CABLE-LSM / CABLE

Home to the CABLE land surface model and its documentation
https://cable.readthedocs.io/en/latest/
Other
12 stars 6 forks source link

CABLE offline spatial runs are not reproducible #463

Open SeanBryan51 opened 2 weeks ago

SeanBryan51 commented 2 weeks ago

Currently for MPI configurations (ran via benchcab spatial), running the same version of CABLE against itself sometimes does not produce the same output (bitwise).

Benchcab currently tests 4 different science configurations for all given CABLE versions, labelled S0, S1, S2 and S3. Sometimes one or more of these configurations will reproduce the same results bitwise however it is unlikely all configurations reliably reproduce.

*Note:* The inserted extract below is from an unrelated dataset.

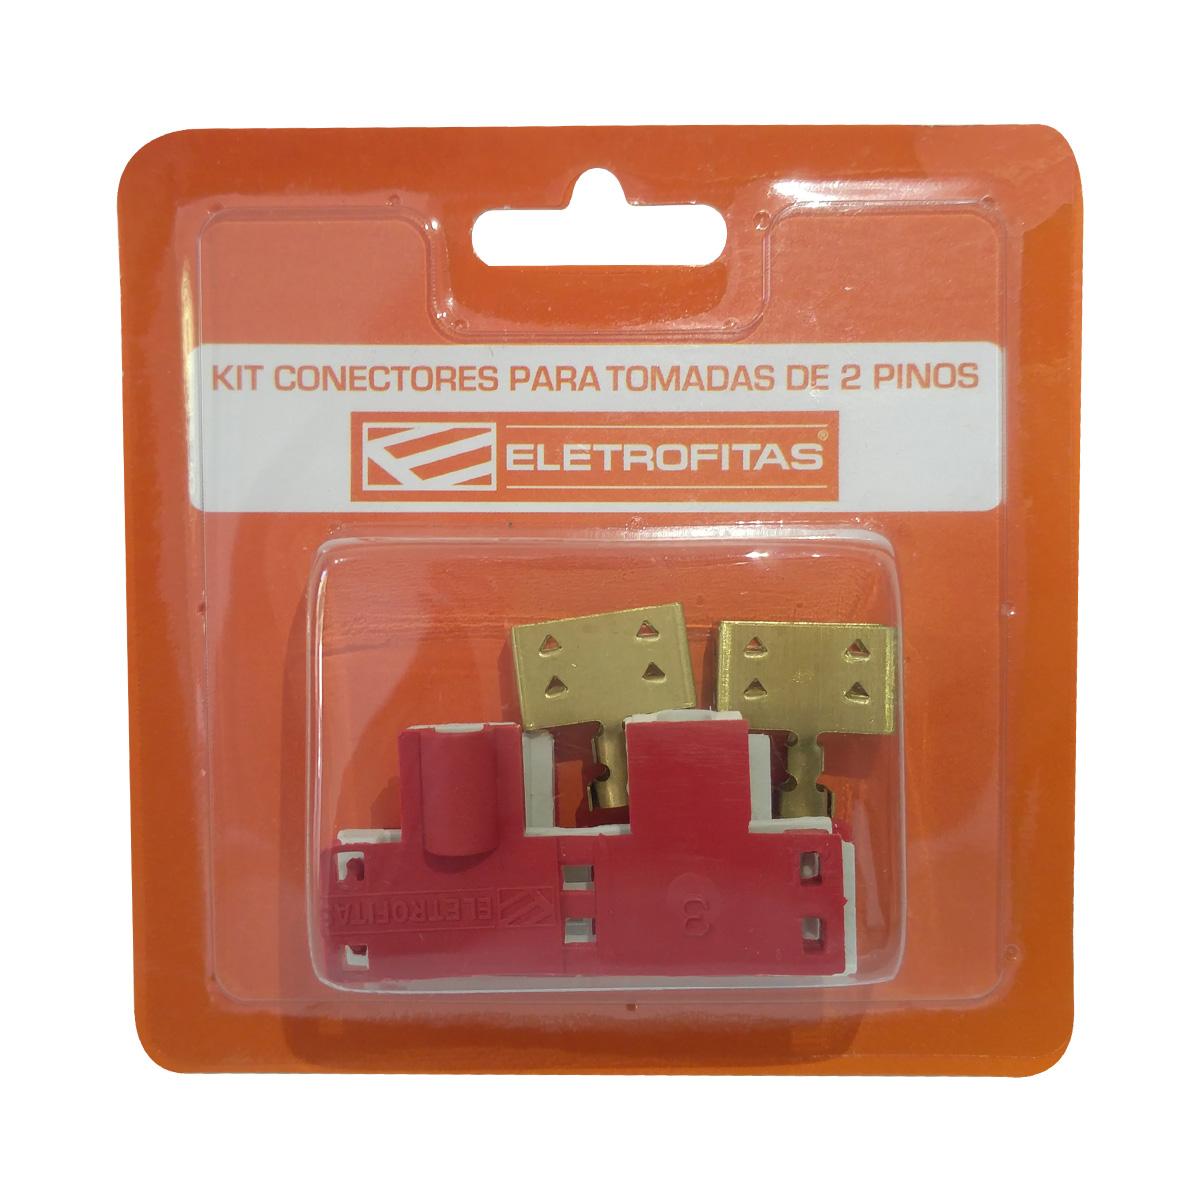 Kit Conectores Eletrofitas 2 Vias 20A - Novo

Where differences occur, many variables have relative differences greater than 10% throughout the time series.

My guess as to why this is happening is uninitialised memory access somewhere (e.g. #395, #396, #397) is causing non-deterministic behaviour. Currently the MPI executable crashes when running it with ddt with balanced memory debugging settings enabled.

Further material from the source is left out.